Holistic admissions are nothing to fret over

In addition to slamming affirmative action, Students for Fair Admissions decries holistic college admission reviews. For those who don’t know, all holistic reviews do is consider the whole student — their GPA, experiences, extracurriculars, recommendations, academic trends, essays, and passions. This avoids reducing students to their GPA and SAT scores.

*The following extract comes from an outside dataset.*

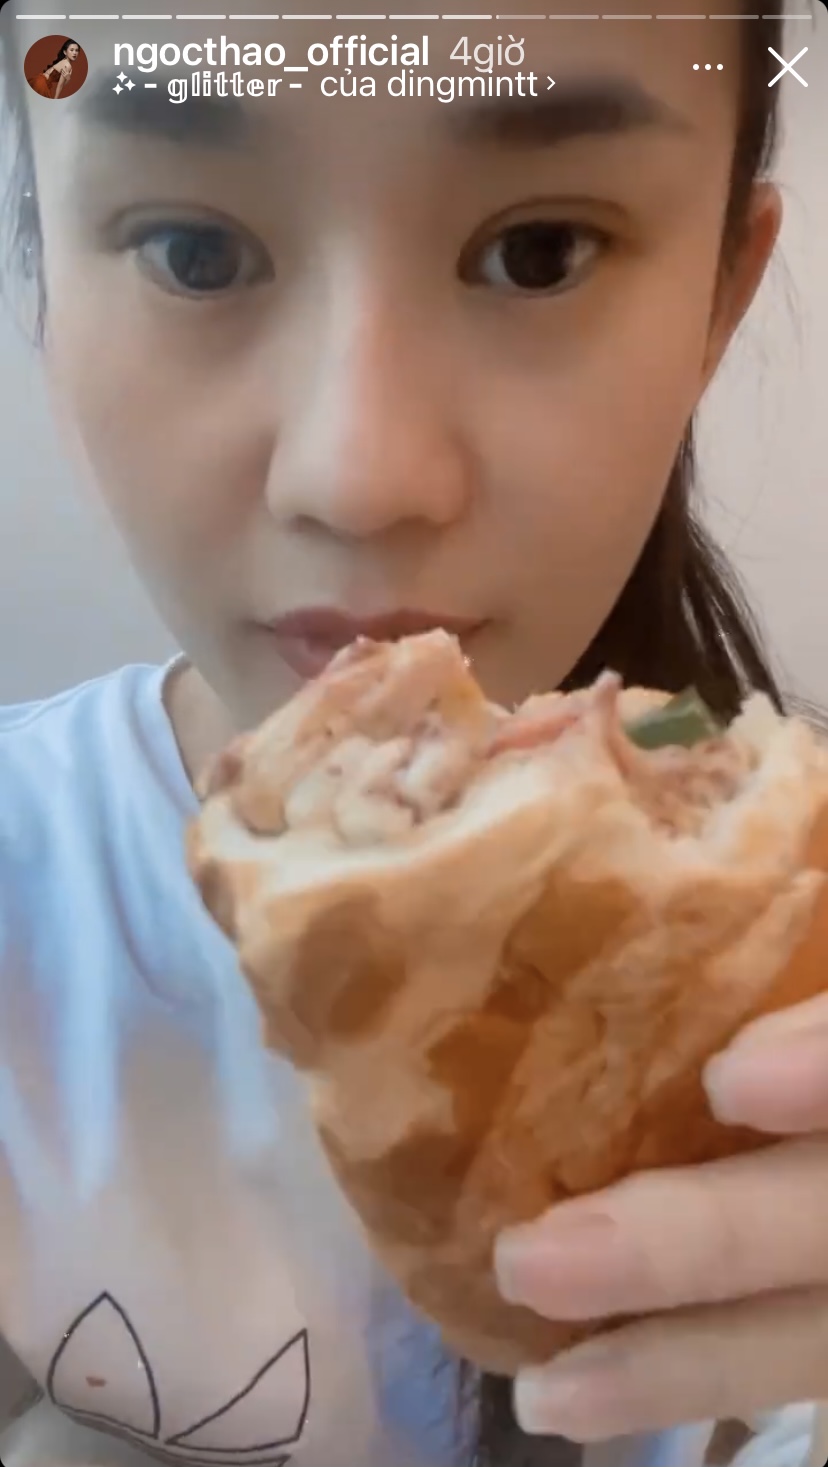 Cũng giống như Tăng Thanh Hà hay Tóc Tiên, hotgirl Ngọc Thảo hôm nay cũng được thưởng thức chiếc bánh mì 'ngập topping'.
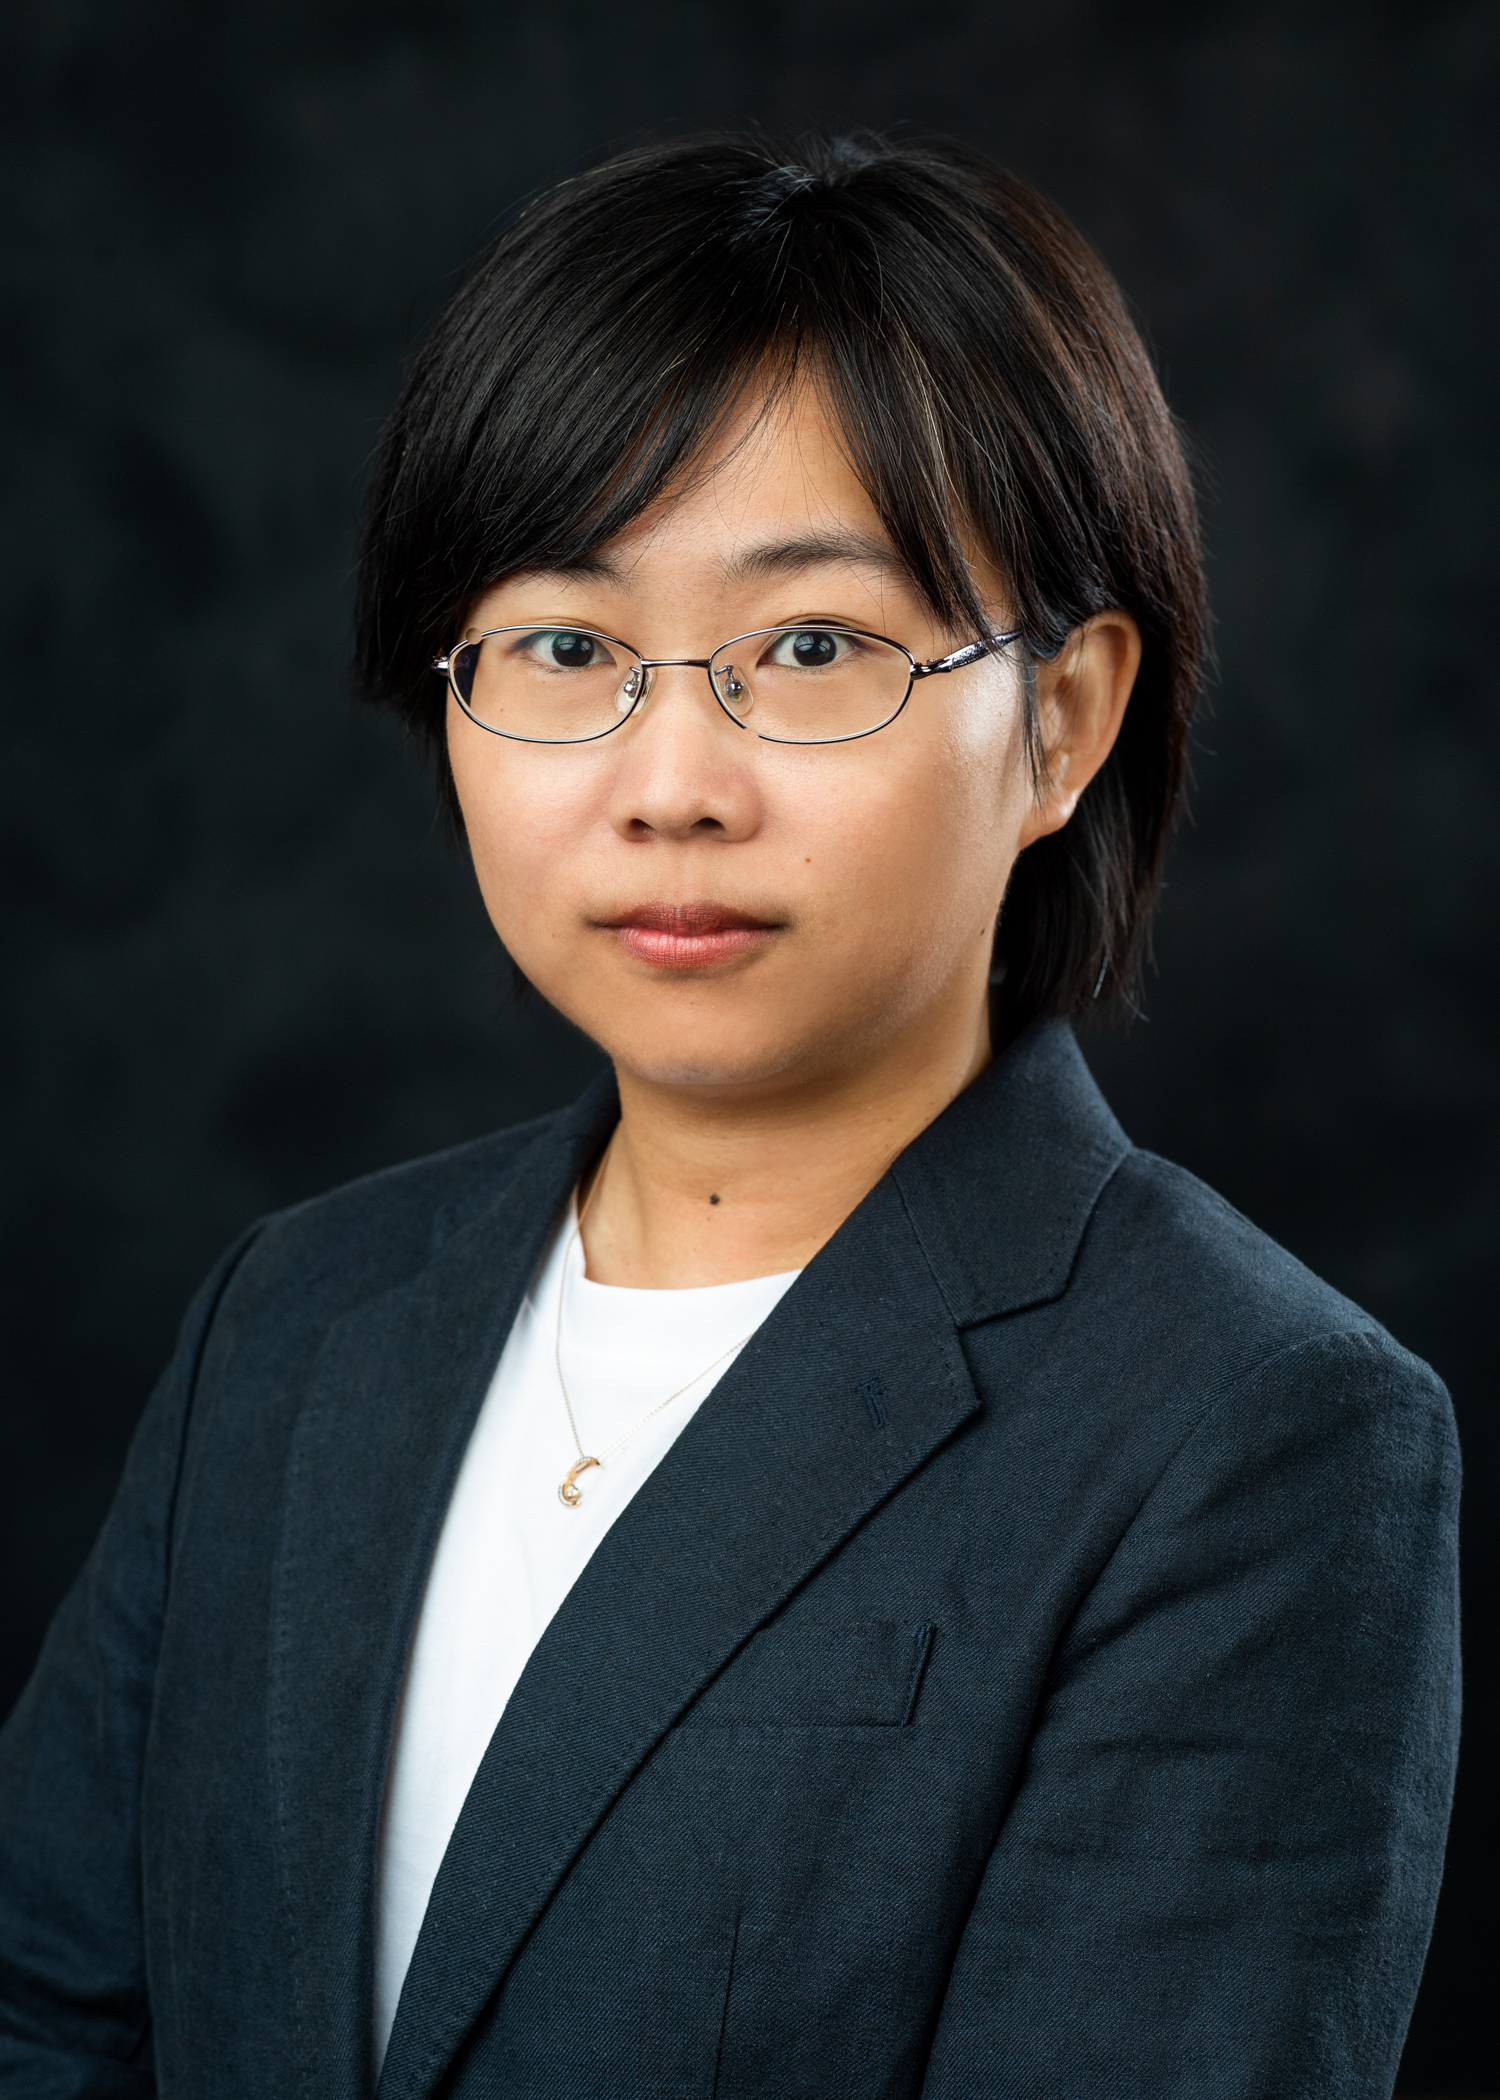  Xiaoxiao Bai PhD

An applicant who, for example, spent their high school years getting all As but lacks leadership extracurriculars may not sound like someone you’d want to accept into an elite institution. But if you factor in their essay about having to raise their younger siblings because their parents are ill, the applicant becomes a whole lot more impressive. It shows they have the maturity and discipline to care for their family while maintaining proficient academic performance. I know collegians who’ve lived that story, and they’re exceptional students. But you wouldn’t glean that from their application if you didn’t take their experiences into consideration. And that’s all holistic application reviews are. They allow applicants to be more than a letter grade.

But Students for Fair Admissions doesn’t want that. They want seats at our nation’s most prized institutions reserved for those who master systems set up for cookie-cutter academic and standardized test perfection. But life isn’t cookie-cutter.

You don’t choose to be born into poverty. You don’t choose to be born a minority. You don’t choose to have the deck stacked against you in this country. So, when students from those backgrounds overcome the odds and build the qualifications to be competitive for elite academic institutions, it is a testament to their resiliency, resolve, and determination. Race and class-conscious admissions are not handouts; they’re context. And what can be more fair than adding context, considering the totality of an applicant’s life experiences?


Jemille Q. Duncan is a public policy professional, columnist, and Gates Scholar at Swarthmore College.